Положил сигарету на край рояля.
Незажженную.
И начал играть.
(Звучит фортепьянная пьеска сумасшедшей виртуозности, словно играют в четыре руки. Длится она не более полминуты и завершается взрывом мощнейших аккордов. Актер ждет, когда музыка замолкнет, затем продолжает).
Вот так.
Публика внимала, не дыша. Как под гипнозом. Все сидели, вперившись взором в рояль, с отвисшими челюстями, словно классические придурки. Такими и оставались, храня тишину и боясь шевельнуться, даже после того убийственного финального гейзера аккордов, когда, казалось, играют сто рук, когда, казалось, рояль должен вот-вот взорваться. И в этой сумасшедшей тишине 1900-й поднялся, взял мою сигарету, наклонился над клавиатурой и приложил сигарету к струне.
Легкое потрескивание.
Он поднял сигарету над роялем - она была зажжена.
Клянусь.
Как же красиво она горела.
1900-й держал сигарету в руке, словно маленькую свечу. Он не курил и даже не знал, как ее держат в пальцах. Он сделал несколько шагов по направлению к Джелли Ролл Мортону. Протянул ему сигарету.

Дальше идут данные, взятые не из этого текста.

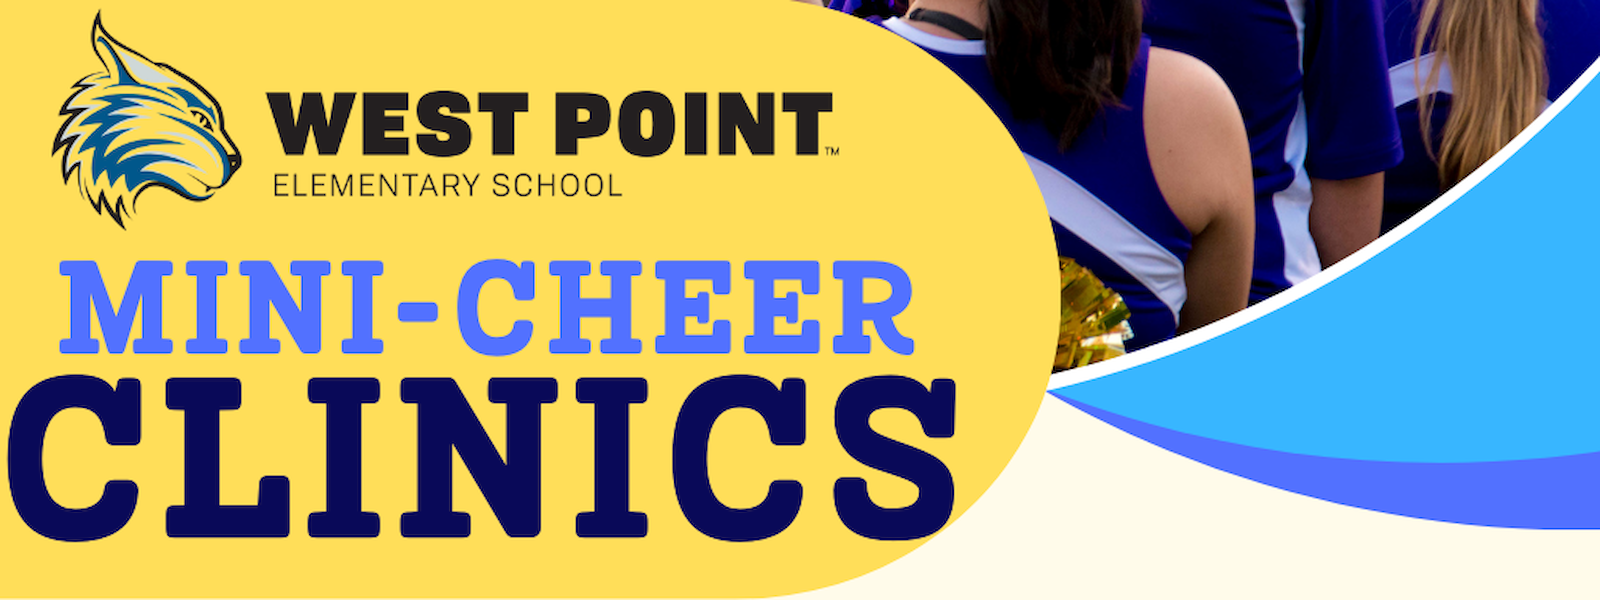 Words Mini-Cheer Clinic with cheerleaders

"Кури ты. Я в этом не мастак".
И тут публика очнулась от колдовства. Это был апофеоз криков и оваций, бедлам, не знаю, как еще назвать, но я никогда не видел ничего подобного, все орали, все хотели дотронуться до 1900-го, ничего нельзя было понять. А я смотрел на него, на Джелли Ролл Мортона, он одиноко стоял посреди всей этой кутерьмы, нервно курил проклятую сигарету, пытаясь найти лицо, какое надо бы сделать, но не находил, он даже не знал толком, куда спрятать глаза, в какой-то момент рука его задрожала, задрожала, точно, и я это увидел, и не забуду этого никогда, она дрожала так сильно, что пепел сорвался с сигареты и осыпался, сначала на его шикарный черный костюм и затем, соскользнув, на правый ботинок, черный лакированный ботинок, он посмотрел на него, я это помню хорошо, посмотрел на ботинок, на пепел и понял, понял все, что нужно было понять, он понял, повернулся кругом и тихо ступая, шаг за шагом, так аккуратно, что даже не потревожил пепла на ботинке, пересек огромный зал и скрылся из глаз. Со своими ботинками черного лака, с кучкой пепла на одном из них, он уносил его, и было абсолютно ясно, что если кто и выиграл дуэль, то не он.
Джелли Ролл Мортон провел остаток плавания, закрывшись у себя в каюте. На первой же стоянке в Саутхемптоне он покинул Вирджинец. На следующий день он отплыл в Америку. Другим судном. Он больше не хотел ничего слышать ни о Вирджинце, ни о 1900-ом, ни о чем таком прочем. Он хотел вернуться домой и баста.
С палубы третьего класса, опершись о переборку, 1900-й наблюдал, как тот сходил на берег в своем шикарном белом костюме и кучей красивых чемоданов светлой кожи. И я помню, что он произнес всего одну фразу:
"И джаз тоже в задницу".
Ливерпуль - Нью Йорк - Ливерпуль - Рио де Жанейро - Бостон - Корк -Лиссабон - Сантьяго ди Чили - Рио де Жанейро - Антильские острова - Нью Йорк - Гамбург - Нью Йорк - Генуя - Флорида - Рио де Жанейро - Флорида -Нью Йорк - Генуя - Лиссабон - Рио де Жанейро - Ливерпуль - Рио де Жанейро - Ливерпуль - Нью Йорк - Корк - Шербург - Ванкувер - Шербург -Корк - Бостон - Ливерпуль - Рио де Жанейро - Нью Йорк - Ливерпуль - Сантьяго ди Чили - Нью Йорк - Ливерпуль, Океан - и мы посредине. И там, в этой точке, упала картина.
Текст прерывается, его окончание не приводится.